There are two broad parallelism strategies for distributed deep-learning: data parallelism, where multiple machines work on different subsets of the input data, and model parallelism, where multiple machines train different sections of the neural-network model. SINGA supports both of these strategies, as well as a combination of the two. These strategies do introduce some communication and synchronization overhead, required to coordinate the work among the machines in the cluster. SINGA implements several optimizations to minimize this overhead.
Acceptance as a top-level project means that SINGA has passed several milestones related to software quality and community, which in theory makes the software more attractive as a solution. However, one possible barrier to adoption is that instead of building upon an existing API for modeling neural networks, such as Keras, SINGA’s designers chose to implement their own. By contrast, the Horovod framework open-sourced by Uber allows developers to port existing models written for the two most popular deep-learning frameworks, TensorFlow and PyTorch. PyTorch in particular is the framework used in a majority of recent research papers.

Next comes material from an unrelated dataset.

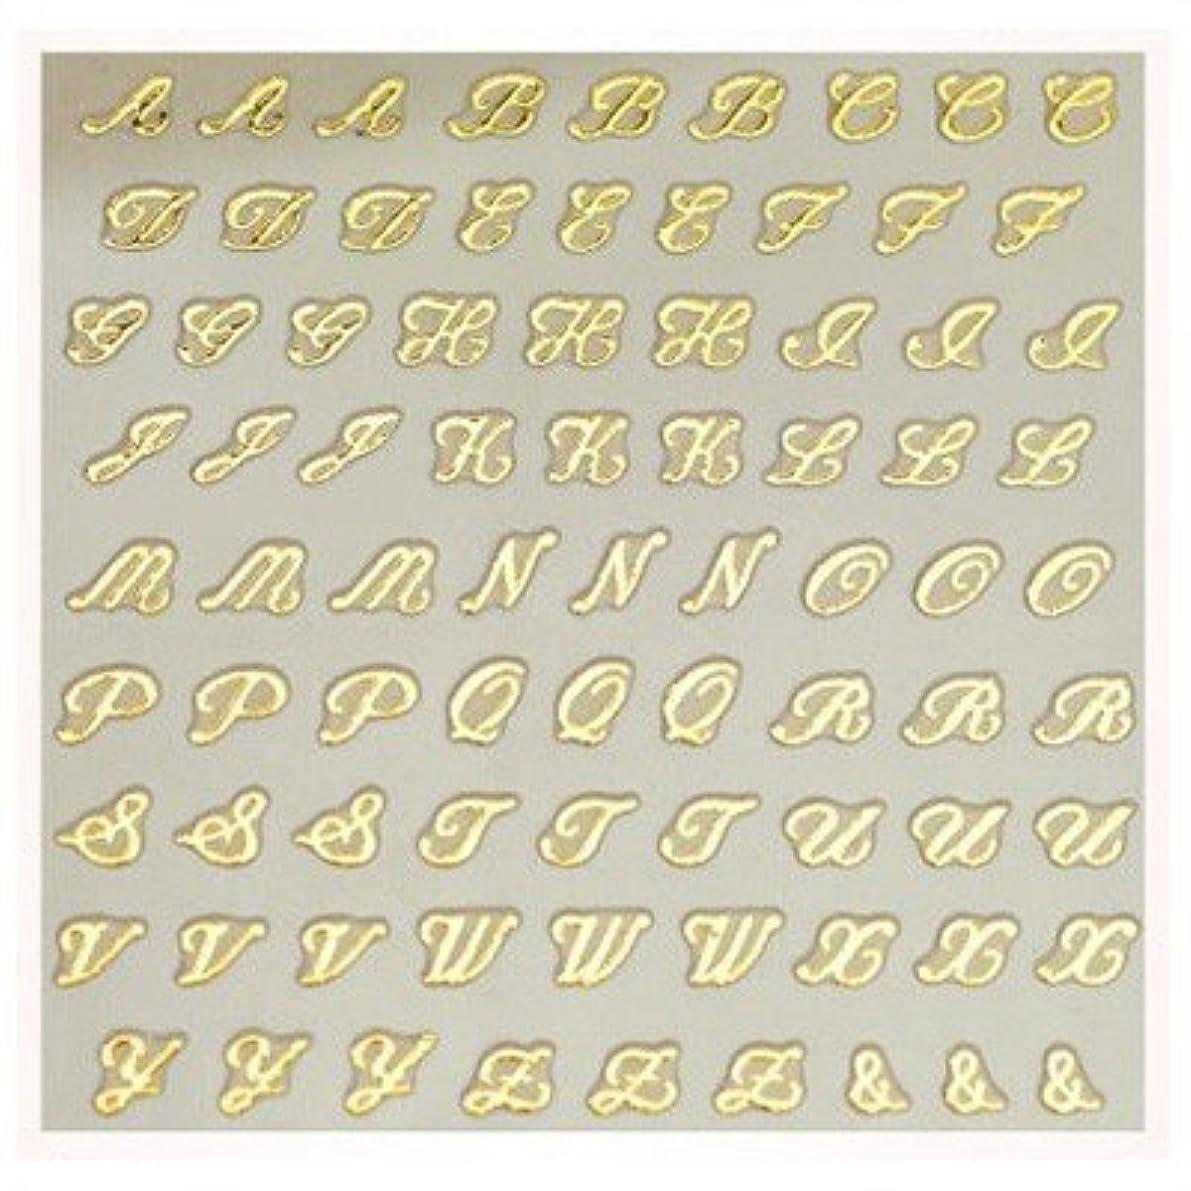 ビスケット宣伝マッサージ文字ネイルシール アルファベット イニシャル ピアドラ pieadra×BLC ネイルシール ブローチイニシャル 小 ゴールド

ASF has several other top-level distributed-data processing projects that support machine-learning, including Spark and Ignite. Unlike these, SINGA is designed specifically for deep-learning’s large models. ASF is also home to MXNet, a deep-learning framework similar to TensorFlow and PyTorch, which is still in incubator status. AWS touted MXNet as its framework of choice in late 2016, but MXNet still hasn’t achieved widespread popularity, hovering at just under 2% in KDNugget’s polls.
Apache SINGA version 2.0 was released in April, 2019. The source code is available on GitHub, and a list of open issues can be tracked in SINGA’s Jira project. According to ASF, upcoming features include “SINGA-lite for deep learning on edge devices with 5G, and SINGA-easy for making AI usable by domain experts (without deep AI background).